Top Abstract Introduction Patients and methods Results Comment Acknowledgments References

 
Early results
By definition, all 158 patients in this review received a bioprosthetic tricuspid valve. Valve replacement was performed rather than repair because of insufficient or significantly tethered anterior leaflet tissue or unreconstructable anatomy after a previous repair. The 158 patients constituted 48.9% of the entire series of 323 patients who underwent operation for Ebstein’s anomaly and associated defects in the interval between April 1972 and January 1, 1997. In this same interval, 32 patients (9.9%) received a mechanical tricuspid prosthesis. The types of bioprosthetic valves implanted were Carpentier-Edwards (n = 136), Hancock (n = 20), and Ionescu-Shiley (n = 2). Valve sizes ranged from 21 to 35 mm (median, 33 mm); these sizes of valves were larger than those which usually can be implanted in patients without Ebstein’s anomaly having the same height and weight because the tricuspid valve annulus and right ventricle are characteristically dilated in severe Ebstein’s anomaly.

Resternotomy was necessary in 32 patients (20.3%) at the time of TVR. Associated cardiovascular procedures are shown in Table 3.

Nonfatal complications included renal failure (creatinine 3 mg/dL) in 4 patients (1 required peritoneal dialysis), respiratory insufficiency requiring ventilator support for more than 3 days in 4 patients, and low cardiac output necessitating more than 3 days of inotropic support in 2 patients.
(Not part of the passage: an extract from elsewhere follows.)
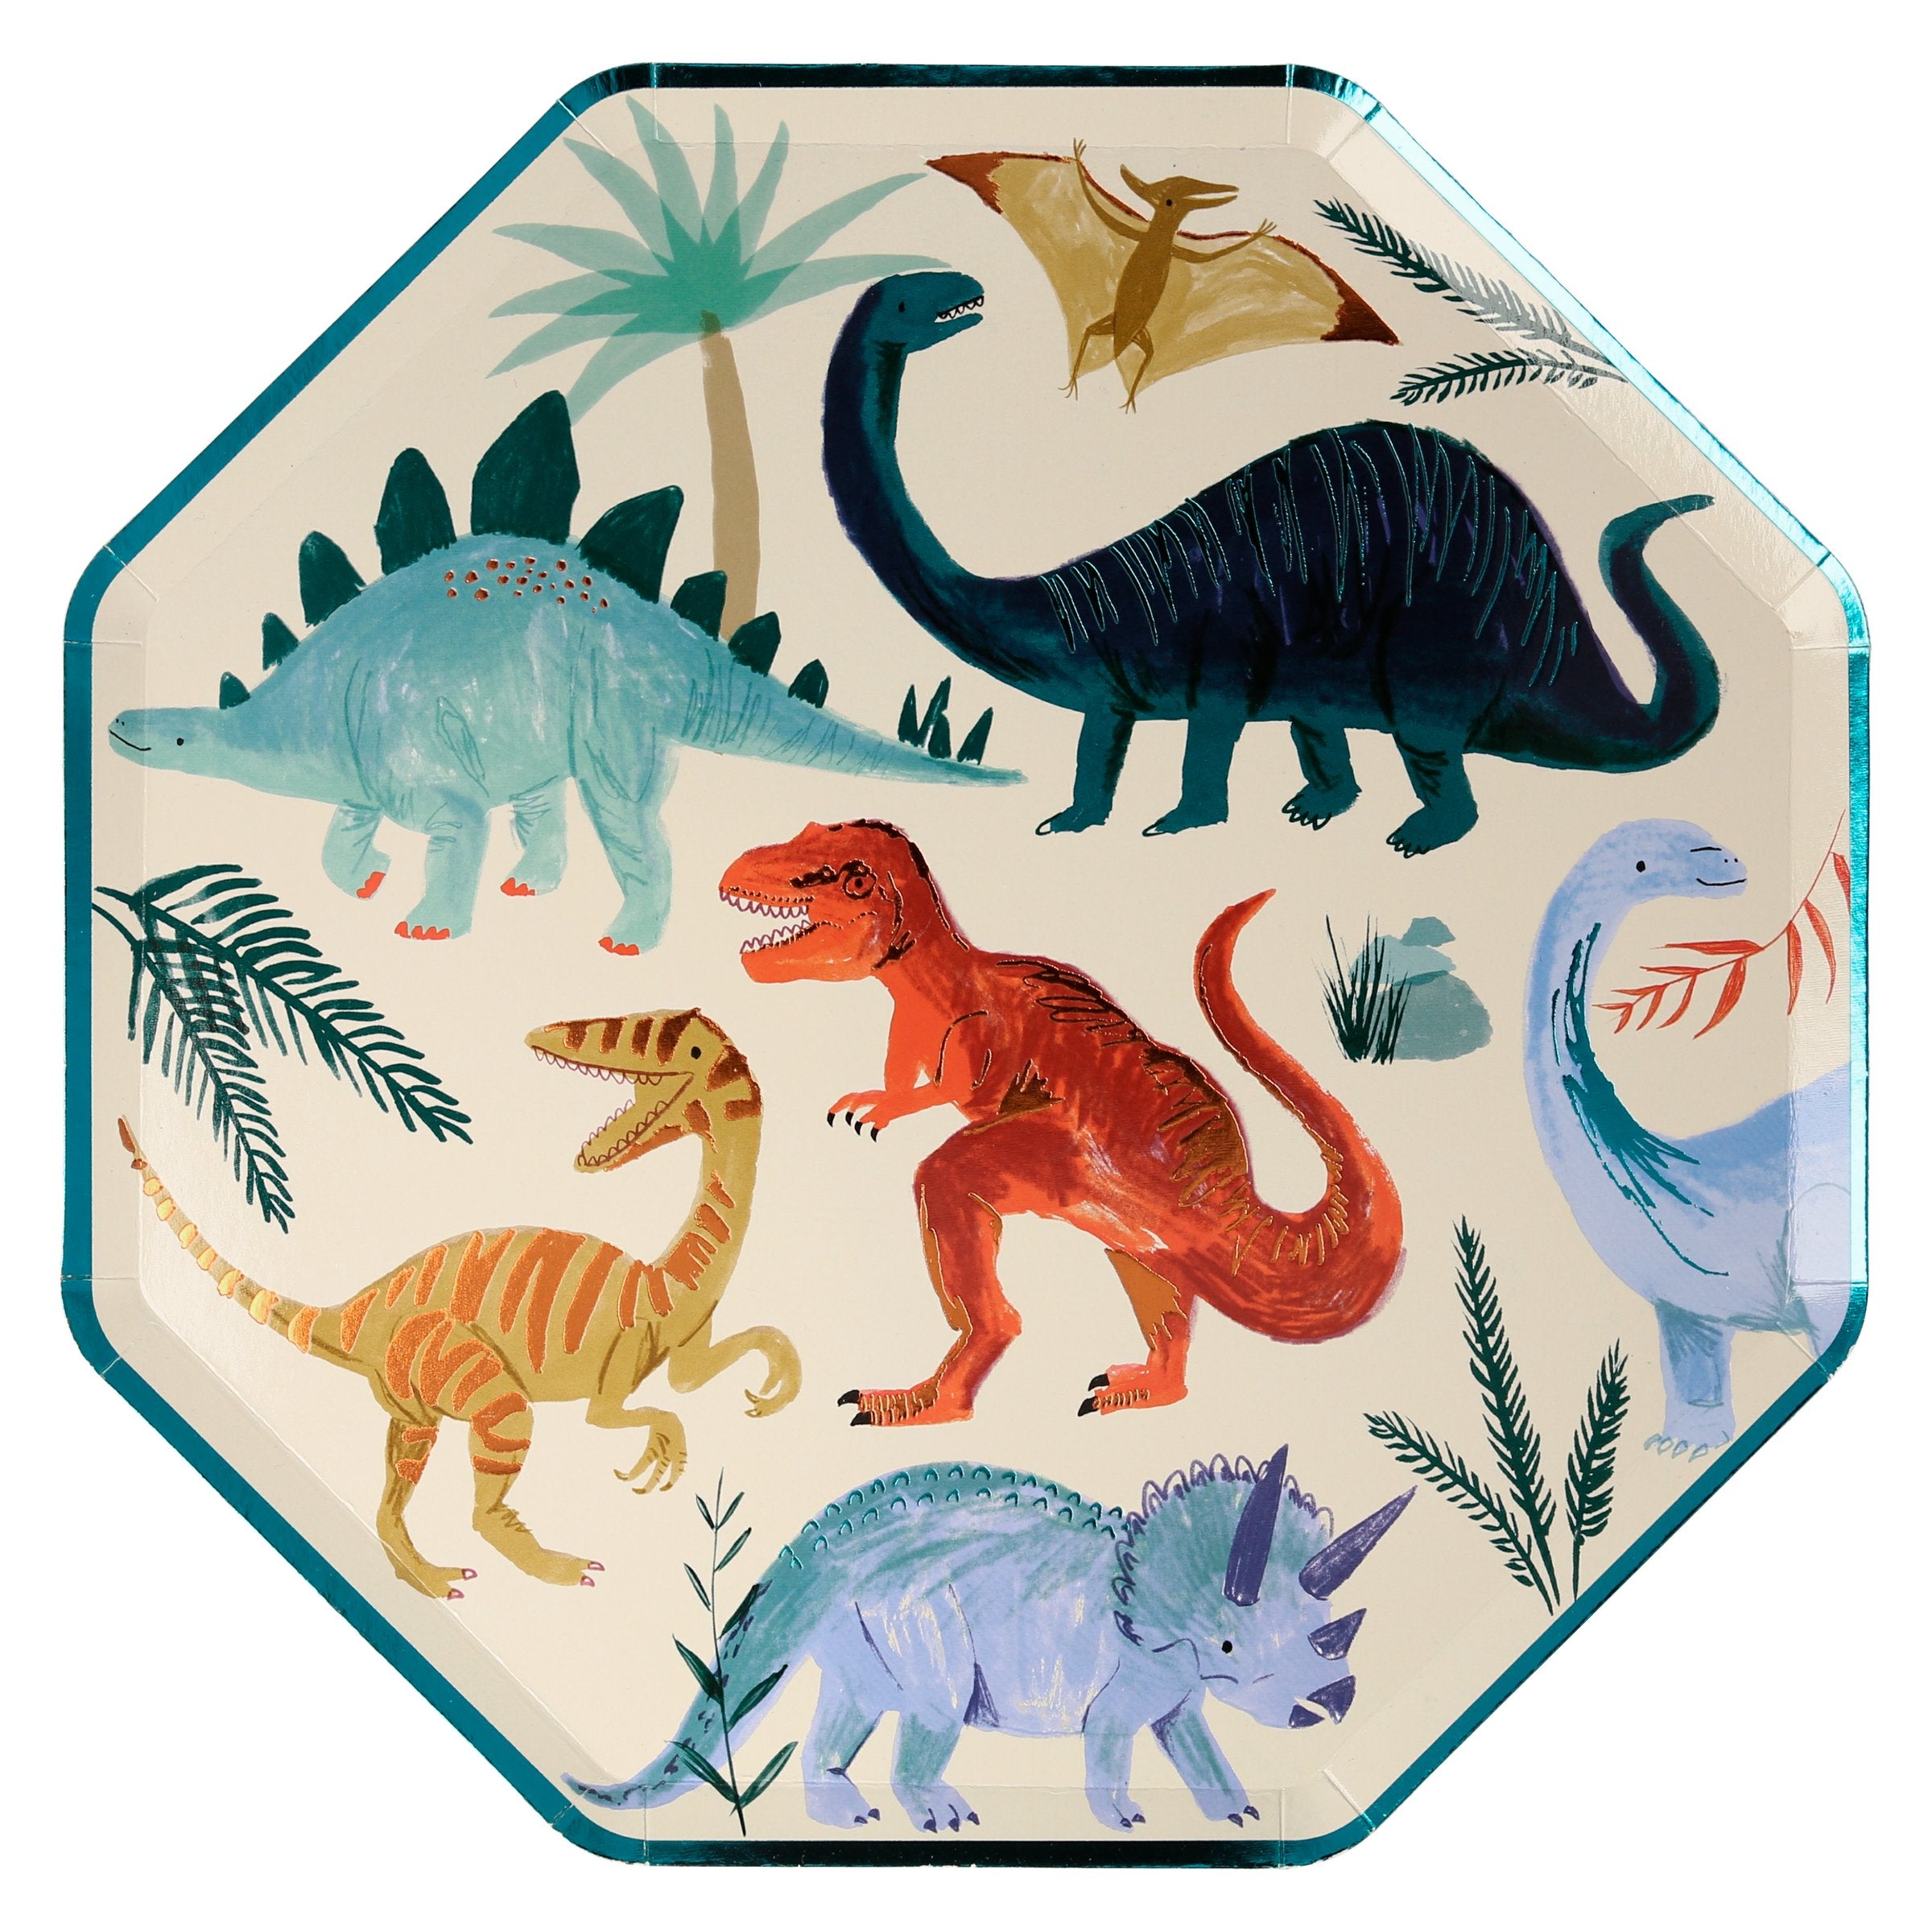 If you're looking for dinosaur party decoration ideas then our special paper plates featuring colorful dinosaurs are perfect.

Complete heart block occurred in 1 patient as the valve was being tied into place and in another patient at the time of closed-chest massage for resuscitation; both received permanent pacemakers. Another patient received a pacemaker for transient third-degree heart block; she was in second-degree block at hospital discharge and sinus rhythm on follow-up. One additional patient who had second-degree heart block both before and after operation also received a pacemaker. Reoperation for bleeding was required in 3 patients, 2 patients required wound debridement, and relief of cardiac tamponade was necessary in 1 patient. One 3-year-old boy who had giant cardiomegaly required a secondary sternal closure but did not progress satisfactorily; successful cardiac transplantation was performed on the 14th postoperative day.
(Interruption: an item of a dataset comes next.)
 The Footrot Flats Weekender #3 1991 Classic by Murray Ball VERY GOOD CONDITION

Duration of hospital stay for the survivors ranged from 5 to 44 days (median, 8 days). Discharge echocardiography was performed on 140 patients. One patient who was thought to have a laminated thrombus on the atriotomy closure site was placed on aspirin. Another patient who had giant cardiomegaly, very poor right and left ventricular function, and a protracted (15 days) postoperative course was found to have one immobile bioprosthesis cusp and some associated thrombus. She was heparinized and sent home on warfarin sodium. Valve function in the remaining patients was normal, and the atrial septum was intact in all patients.

Late results
The 149 early survivors constitute the study population for late results. Some follow-up was obtained in all 149 patients; current follow-up was obtained in 145 patients (97.3%). There were 9 late deaths. Causes of mortality were heart failure (n = 3); sudden, presumed arrhythmic death (n = 3); reoperation for bioprosthesis replacement (n = 1); acute cardiac allograft rejection (n = 1); and unknown (n = 1). Tested possible risk factors for late death included sex, reoperation, late arrhythmia, and age at operation; when age was divided at the median, younger patients had a lower 5-year survival (86.7% ± 4.5% [SE]) than older patients (98.7% ± 1.3%) (p = 0.02). Late survival of the early survivors is shown in Fig 1; survival was 92.5% ± 2.5% at both 10 and 15 years (confidence limits 82.7%, 97.5% and 75.7%, 97.5%, respectively).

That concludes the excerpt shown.